§ WORK INSTRUCTION: In this exercise, the data must be written out exactly.

◇ ◇ ◇ ◇ ◇ ◇ ◇

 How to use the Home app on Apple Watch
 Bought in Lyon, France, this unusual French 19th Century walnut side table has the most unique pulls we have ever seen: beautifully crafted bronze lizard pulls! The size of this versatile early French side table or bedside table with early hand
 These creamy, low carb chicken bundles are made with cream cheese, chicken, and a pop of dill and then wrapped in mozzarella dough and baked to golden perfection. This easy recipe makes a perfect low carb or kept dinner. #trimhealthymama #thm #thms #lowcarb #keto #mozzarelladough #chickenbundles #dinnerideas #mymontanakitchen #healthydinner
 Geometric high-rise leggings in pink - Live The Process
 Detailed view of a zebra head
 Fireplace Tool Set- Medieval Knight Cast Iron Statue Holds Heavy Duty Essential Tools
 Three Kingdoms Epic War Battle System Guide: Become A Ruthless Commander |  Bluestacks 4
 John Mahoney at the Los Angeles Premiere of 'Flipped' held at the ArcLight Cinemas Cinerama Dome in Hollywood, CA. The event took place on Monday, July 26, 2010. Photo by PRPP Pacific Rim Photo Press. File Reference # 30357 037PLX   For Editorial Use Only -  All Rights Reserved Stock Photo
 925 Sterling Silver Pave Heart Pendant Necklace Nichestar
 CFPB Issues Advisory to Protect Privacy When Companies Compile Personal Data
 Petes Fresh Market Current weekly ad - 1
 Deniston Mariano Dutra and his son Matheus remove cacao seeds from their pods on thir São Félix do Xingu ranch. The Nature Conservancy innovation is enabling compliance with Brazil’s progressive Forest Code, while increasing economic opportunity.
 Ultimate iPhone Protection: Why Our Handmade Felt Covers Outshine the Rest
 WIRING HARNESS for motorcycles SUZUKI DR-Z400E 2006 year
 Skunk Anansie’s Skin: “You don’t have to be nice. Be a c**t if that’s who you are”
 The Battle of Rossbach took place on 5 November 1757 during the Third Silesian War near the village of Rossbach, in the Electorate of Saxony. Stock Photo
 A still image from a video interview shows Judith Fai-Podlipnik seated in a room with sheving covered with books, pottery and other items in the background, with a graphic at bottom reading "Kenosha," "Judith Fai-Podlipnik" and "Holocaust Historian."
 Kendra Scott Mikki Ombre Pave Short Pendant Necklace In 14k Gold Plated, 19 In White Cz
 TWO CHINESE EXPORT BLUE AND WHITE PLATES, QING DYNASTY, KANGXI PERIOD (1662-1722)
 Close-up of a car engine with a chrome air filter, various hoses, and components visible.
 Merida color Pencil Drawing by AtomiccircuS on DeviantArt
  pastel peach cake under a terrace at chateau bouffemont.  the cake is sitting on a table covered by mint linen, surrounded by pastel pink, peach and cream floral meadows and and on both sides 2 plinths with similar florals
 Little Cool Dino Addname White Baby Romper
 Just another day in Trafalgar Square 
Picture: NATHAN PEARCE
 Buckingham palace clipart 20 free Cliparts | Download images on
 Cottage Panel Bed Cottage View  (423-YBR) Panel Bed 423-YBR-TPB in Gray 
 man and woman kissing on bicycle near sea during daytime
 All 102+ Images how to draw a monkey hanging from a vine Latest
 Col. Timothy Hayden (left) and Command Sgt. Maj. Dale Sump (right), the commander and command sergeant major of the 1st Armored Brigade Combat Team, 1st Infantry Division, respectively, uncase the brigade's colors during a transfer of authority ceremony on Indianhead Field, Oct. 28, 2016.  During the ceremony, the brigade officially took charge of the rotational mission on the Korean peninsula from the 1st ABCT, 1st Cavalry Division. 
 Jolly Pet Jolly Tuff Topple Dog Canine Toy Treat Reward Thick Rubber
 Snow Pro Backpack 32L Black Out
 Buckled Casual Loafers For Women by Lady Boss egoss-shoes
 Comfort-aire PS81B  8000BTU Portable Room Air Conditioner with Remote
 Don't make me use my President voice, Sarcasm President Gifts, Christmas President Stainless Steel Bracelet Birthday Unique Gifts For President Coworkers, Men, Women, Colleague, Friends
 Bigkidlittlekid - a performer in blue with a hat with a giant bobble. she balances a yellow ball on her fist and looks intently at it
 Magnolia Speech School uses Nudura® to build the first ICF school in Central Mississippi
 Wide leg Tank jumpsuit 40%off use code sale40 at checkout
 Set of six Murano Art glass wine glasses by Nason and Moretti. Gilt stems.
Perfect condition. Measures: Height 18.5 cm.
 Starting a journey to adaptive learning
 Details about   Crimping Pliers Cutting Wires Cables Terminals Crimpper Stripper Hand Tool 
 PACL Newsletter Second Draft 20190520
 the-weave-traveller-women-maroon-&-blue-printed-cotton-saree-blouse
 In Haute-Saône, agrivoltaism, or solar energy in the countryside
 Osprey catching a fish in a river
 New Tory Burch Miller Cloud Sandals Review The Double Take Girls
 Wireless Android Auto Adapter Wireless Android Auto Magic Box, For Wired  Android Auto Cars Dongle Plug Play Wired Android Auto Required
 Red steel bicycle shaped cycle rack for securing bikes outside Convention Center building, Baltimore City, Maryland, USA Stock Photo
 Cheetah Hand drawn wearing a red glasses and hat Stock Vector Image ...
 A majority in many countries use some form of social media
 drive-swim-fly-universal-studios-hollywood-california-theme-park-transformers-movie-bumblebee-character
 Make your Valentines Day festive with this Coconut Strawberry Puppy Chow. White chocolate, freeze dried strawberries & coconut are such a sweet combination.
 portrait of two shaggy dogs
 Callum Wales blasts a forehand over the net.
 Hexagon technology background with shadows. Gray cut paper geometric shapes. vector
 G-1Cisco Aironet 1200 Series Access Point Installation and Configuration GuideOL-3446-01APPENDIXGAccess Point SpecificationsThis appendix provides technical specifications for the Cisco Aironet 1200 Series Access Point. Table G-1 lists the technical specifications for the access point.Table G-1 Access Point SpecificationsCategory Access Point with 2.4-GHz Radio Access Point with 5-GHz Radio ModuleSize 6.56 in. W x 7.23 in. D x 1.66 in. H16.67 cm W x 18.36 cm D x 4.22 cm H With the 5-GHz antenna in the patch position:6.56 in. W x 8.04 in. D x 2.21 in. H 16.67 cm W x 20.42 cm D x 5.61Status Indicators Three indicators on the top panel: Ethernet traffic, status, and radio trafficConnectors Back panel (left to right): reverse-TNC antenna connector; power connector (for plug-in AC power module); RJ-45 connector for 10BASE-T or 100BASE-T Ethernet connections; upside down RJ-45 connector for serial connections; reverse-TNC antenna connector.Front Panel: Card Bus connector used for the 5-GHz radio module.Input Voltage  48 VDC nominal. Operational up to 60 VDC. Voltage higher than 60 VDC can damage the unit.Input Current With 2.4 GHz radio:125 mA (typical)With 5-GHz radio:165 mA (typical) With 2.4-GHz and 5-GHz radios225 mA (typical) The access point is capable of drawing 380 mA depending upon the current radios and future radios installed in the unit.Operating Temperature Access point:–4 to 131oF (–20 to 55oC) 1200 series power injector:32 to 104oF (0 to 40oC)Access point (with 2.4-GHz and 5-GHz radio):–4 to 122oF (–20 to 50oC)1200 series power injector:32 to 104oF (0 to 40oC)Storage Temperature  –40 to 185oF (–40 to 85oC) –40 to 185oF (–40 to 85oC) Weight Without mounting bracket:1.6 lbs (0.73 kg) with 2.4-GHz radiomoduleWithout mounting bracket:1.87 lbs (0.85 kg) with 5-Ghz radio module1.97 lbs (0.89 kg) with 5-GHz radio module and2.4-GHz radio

◇ ◇ ◇ ◇ ◇ ◇ ◇

§ RESULT OF THIS EXERCISE:
 How to use the Home app on Apple Watch
 Bought in Lyon, France, this unusual French 19th Century walnut side table has the most unique pulls we have ever seen: beautifully crafted bronze lizard pulls! The size of this versatile early French side table or bedside table with early hand
 These creamy, low carb chicken bundles are made with cream cheese, chicken, and a pop of dill and then wrapped in mozzarella dough and baked to golden perfection. This easy recipe makes a perfect low carb or kept dinner. #trimhealthymama #thm #thms #lowcarb #keto #mozzarelladough #chickenbundles #dinnerideas #mymontanakitchen #healthydinner
 Geometric high-rise leggings in pink - Live The Process
 Detailed view of a zebra head
 Fireplace Tool Set- Medieval Knight Cast Iron Statue Holds Heavy Duty Essential Tools
 Three Kingdoms Epic War Battle System Guide: Become A Ruthless Commander |  Bluestacks 4
 John Mahoney at the Los Angeles Premiere of 'Flipped' held at the ArcLight Cinemas Cinerama Dome in Hollywood, CA. The event took place on Monday, July 26, 2010. Photo by PRPP Pacific Rim Photo Press. File Reference # 30357 037PLX   For Editorial Use Only -  All Rights Reserved Stock Photo
 925 Sterling Silver Pave Heart Pendant Necklace Nichestar
 CFPB Issues Advisory to Protect Privacy When Companies Compile Personal Data
 Petes Fresh Market Current weekly ad - 1
 Deniston Mariano Dutra and his son Matheus remove cacao seeds from their pods on thir São Félix do Xingu ranch. The Nature Conservancy innovation is enabling compliance with Brazil’s progressive Forest Code, while increasing economic opportunity.
 Ultimate iPhone Protection: Why Our Handmade Felt Covers Outshine the Rest
 WIRING HARNESS for motorcycles SUZUKI DR-Z400E 2006 year
 Skunk Anansie’s Skin: “You don’t have to be nice. Be a c**t if that’s who you are”
 The Battle of Rossbach took place on 5 November 1757 during the Third Silesian War near the village of Rossbach, in the Electorate of Saxony. Stock Photo
 A still image from a video interview shows Judith Fai-Podlipnik seated in a room with sheving covered with books, pottery and other items in the background, with a graphic at bottom reading "Kenosha," "Judith Fai-Podlipnik" and "Holocaust Historian."
 Kendra Scott Mikki Ombre Pave Short Pendant Necklace In 14k Gold Plated, 19 In White Cz
 TWO CHINESE EXPORT BLUE AND WHITE PLATES, QING DYNASTY, KANGXI PERIOD (1662-1722)
 Close-up of a car engine with a chrome air filter, various hoses, and components visible.
 Merida color Pencil Drawing by AtomiccircuS on DeviantArt
  pastel peach cake under a terrace at chateau bouffemont.  the cake is sitting on a table covered by mint linen, surrounded by pastel pink, peach and cream floral meadows and and on both sides 2 plinths with similar florals
 Little Cool Dino Addname White Baby Romper
 Just another day in Trafalgar Square 
Picture: NATHAN PEARCE
 Buckingham palace clipart 20 free Cliparts | Download images on
 Cottage Panel Bed Cottage View  (423-YBR) Panel Bed 423-YBR-TPB in Gray 
 man and woman kissing on bicycle near sea during daytime
 All 102+ Images how to draw a monkey hanging from a vine Latest
 Col. Timothy Hayden (left) and Command Sgt. Maj. Dale Sump (right), the commander and command sergeant major of the 1st Armored Brigade Combat Team, 1st Infantry Division, respectively, uncase the brigade's colors during a transfer of authority ceremony on Indianhead Field, Oct. 28, 2016.  During the ceremony, the brigade officially took charge of the rotational mission on the Korean peninsula from the 1st ABCT, 1st Cavalry Division. 
 Jolly Pet Jolly Tuff Topple Dog Canine Toy Treat Reward Thick Rubber
 Snow Pro Backpack 32L Black Out
 Buckled Casual Loafers For Women by Lady Boss egoss-shoes
 Comfort-aire PS81B  8000BTU Portable Room Air Conditioner with Remote
 Don't make me use my President voice, Sarcasm President Gifts, Christmas President Stainless Steel Bracelet Birthday Unique Gifts For President Coworkers, Men, Women, Colleague, Friends
 Bigkidlittlekid - a performer in blue with a hat with a giant bobble. she balances a yellow ball on her fist and looks intently at it
 Magnolia Speech School uses Nudura® to build the first ICF school in Central Mississippi
 Wide leg Tank jumpsuit 40%off use code sale40 at checkout
 Set of six Murano Art glass wine glasses by Nason and Moretti. Gilt stems.
Perfect condition. Measures: Height 18.5 cm.
 Starting a journey to adaptive learning
 Details about   Crimping Pliers Cutting Wires Cables Terminals Crimpper Stripper Hand Tool 
 PACL Newsletter Second Draft 20190520
 the-weave-traveller-women-maroon-&-blue-printed-cotton-saree-blouse
 In Haute-Saône, agrivoltaism, or solar energy in the countryside
 Osprey catching a fish in a river
 New Tory Burch Miller Cloud Sandals Review The Double Take Girls
 Wireless Android Auto Adapter Wireless Android Auto Magic Box, For Wired  Android Auto Cars Dongle Plug Play Wired Android Auto Required
 Red steel bicycle shaped cycle rack for securing bikes outside Convention Center building, Baltimore City, Maryland, USA Stock Photo
 Cheetah Hand drawn wearing a red glasses and hat Stock Vector Image ...
 A majority in many countries use some form of social media
 drive-swim-fly-universal-studios-hollywood-california-theme-park-transformers-movie-bumblebee-character
 Make your Valentines Day festive with this Coconut Strawberry Puppy Chow. White chocolate, freeze dried strawberries & coconut are such a sweet combination.
 portrait of two shaggy dogs
 Callum Wales blasts a forehand over the net.
 Hexagon technology background with shadows. Gray cut paper geometric shapes. vector
 G-1Cisco Aironet 1200 Series Access Point Installation and Configuration GuideOL-3446-01APPENDIXGAccess Point SpecificationsThis appendix provides technical specifications for the Cisco Aironet 1200 Series Access Point. Table G-1 lists the technical specifications for the access point.Table G-1 Access Point SpecificationsCategory Access Point with 2.4-GHz Radio Access Point with 5-GHz Radio ModuleSize 6.56 in. W x 7.23 in. D x 1.66 in. H16.67 cm W x 18.36 cm D x 4.22 cm H With the 5-GHz antenna in the patch position:6.56 in. W x 8.04 in. D x 2.21 in. H 16.67 cm W x 20.42 cm D x 5.61Status Indicators Three indicators on the top panel: Ethernet traffic, status, and radio trafficConnectors Back panel (left to right): reverse-TNC antenna connector; power connector (for plug-in AC power module); RJ-45 connector for 10BASE-T or 100BASE-T Ethernet connections; upside down RJ-45 connector for serial connections; reverse-TNC antenna connector.Front Panel: Card Bus connector used for the 5-GHz radio module.Input Voltage  48 VDC nominal. Operational up to 60 VDC. Voltage higher than 60 VDC can damage the unit.Input Current With 2.4 GHz radio:125 mA (typical)With 5-GHz radio:165 mA (typical) With 2.4-GHz and 5-GHz radios225 mA (typical) The access point is capable of drawing 380 mA depending upon the current radios and future radios installed in the unit.Operating Temperature Access point:–4 to 131oF (–20 to 55oC) 1200 series power injector:32 to 104oF (0 to 40oC)Access point (with 2.4-GHz and 5-GHz radio):–4 to 122oF (–20 to 50oC)1200 series power injector:32 to 104oF (0 to 40oC)Storage Temperature  –40 to 185oF (–40 to 85oC) –40 to 185oF (–40 to 85oC) Weight Without mounting bracket:1.6 lbs (0.73 kg) with 2.4-GHz radiomoduleWithout mounting bracket:1.87 lbs (0.85 kg) with 5-Ghz radio module1.97 lbs (0.89 kg) with 5-GHz radio module and2.4-GHz radio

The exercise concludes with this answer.